Le Canada et ses provinces doivent rendre les décisions en matière de gestion des terres aux titulaires de titres autochtones. La nouvelle loi sur la biodiversité de la Colombie-Britannique doit être élaborée avec le consentement des communautés des Premières Nations afin de garantir que les titres, droits, lois, connaissances, visions du monde et besoins d’autodétermination autochtones soient tous intégrés dans la loi dès le départ.

Une loi sur la biodiversité est aussi forte que son maillon le plus faible. La loi doit guider les projets compatibles avec les objectifs de biodiversité et refuser ceux qui ne le sont pas. Les processus d’examen des projets doivent être approfondis, rigides et sans exemption, encourageant intrinsèquement les propositions qui correspondent aux objectifs de biodiversité.

Une loi efficace doit intégrer l’équité pour les communautés et les travailleurs. Des endroits comme le Costa Rica ont des lois qui protègent la biodiversité tout en maximisant les avantages que les communautés reçoivent de l’extraction des ressources à proximité. Mettre fin au transfert de richesse hors des communautés est essentiel pour garantir la préservation des écosystèmes tout en garantissant la résilience des communautés.

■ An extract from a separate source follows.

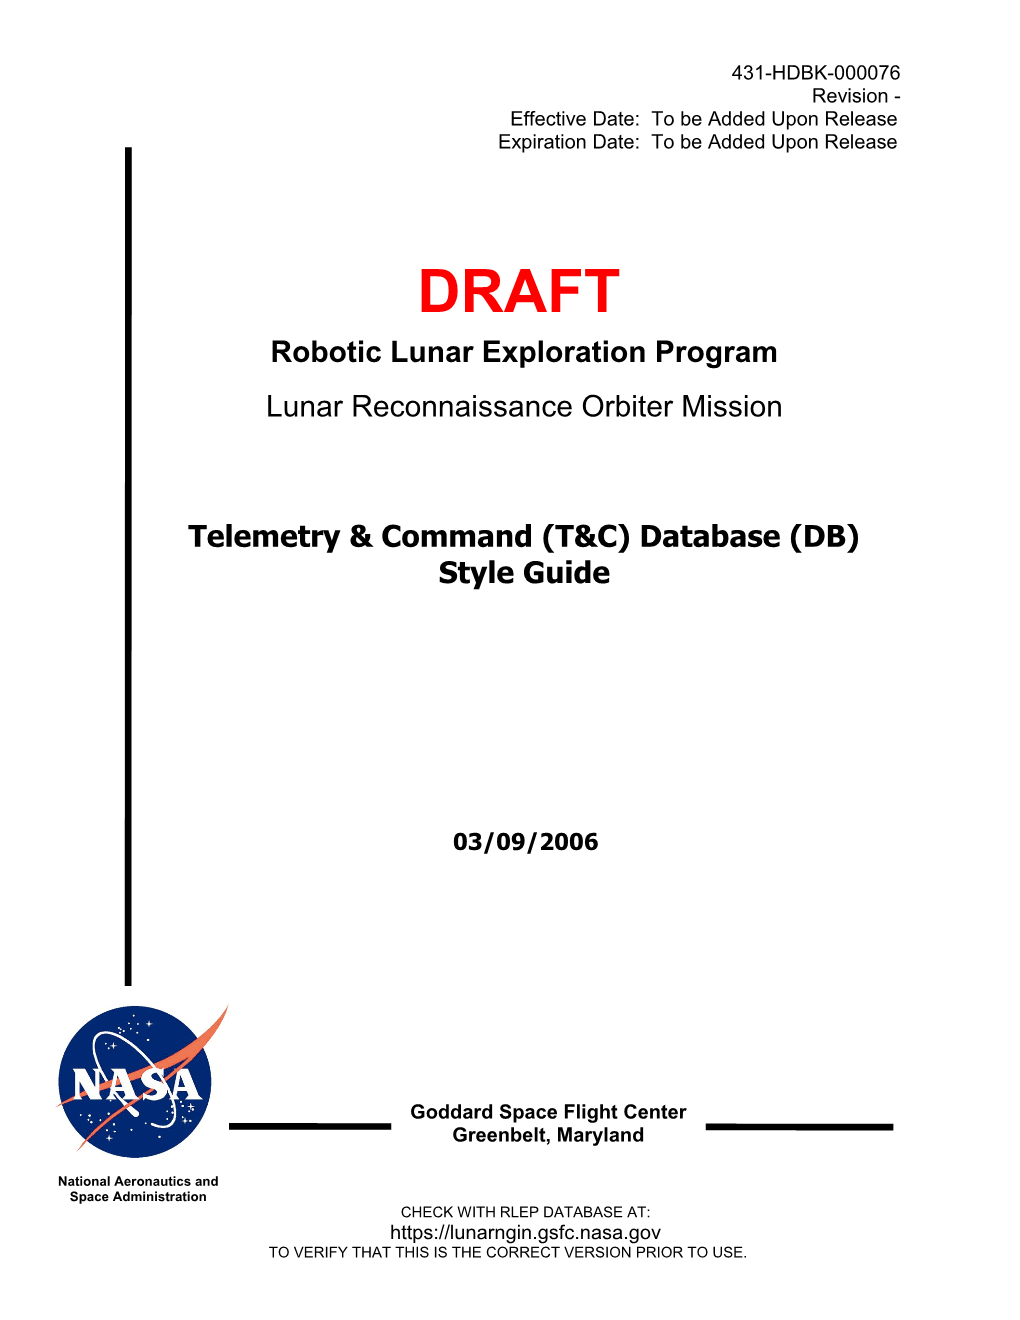 LRO Mission Operations Plan

Enfin, une loi sur la biodiversité en Colombie-Britannique doit récompenser les bons comportements plutôt que de punir les mauvais. L’un des plus grands obstacles de la Loi sur les espèces en péril fédérale est qu’elle considère les espèces en péril comme un passif plutôt que comme un actif précieux; une loi forte renverserait cette façon de penser.

La Colombie-Britannique doit montrer qu’elle prend au sérieux la biodiversité en fixant une date cible pour une nouvelle législation et en mettant en œuvre entre-temps des mesures provisoires strictes pour les espèces gravement en péril, comme la chouette tachetée du Nord ou le caribou des montagnes du Sud.

Une fois qu’une nouvelle base juridique sera en place pour donner la priorité à la biodiversité, les industries s’adapteront pour s’y intégrer. Pour faire face à cette crise, il faut une loi qui fasse fondamentalement pencher la balance des pouvoirs en faveur de la protection de la biodiversité, source de vie. C’est ce que le gouvernement néo-démocrate de la Colombie-Britannique est chargé de réaliser, et les citoyens ne doivent rien accepter de moins.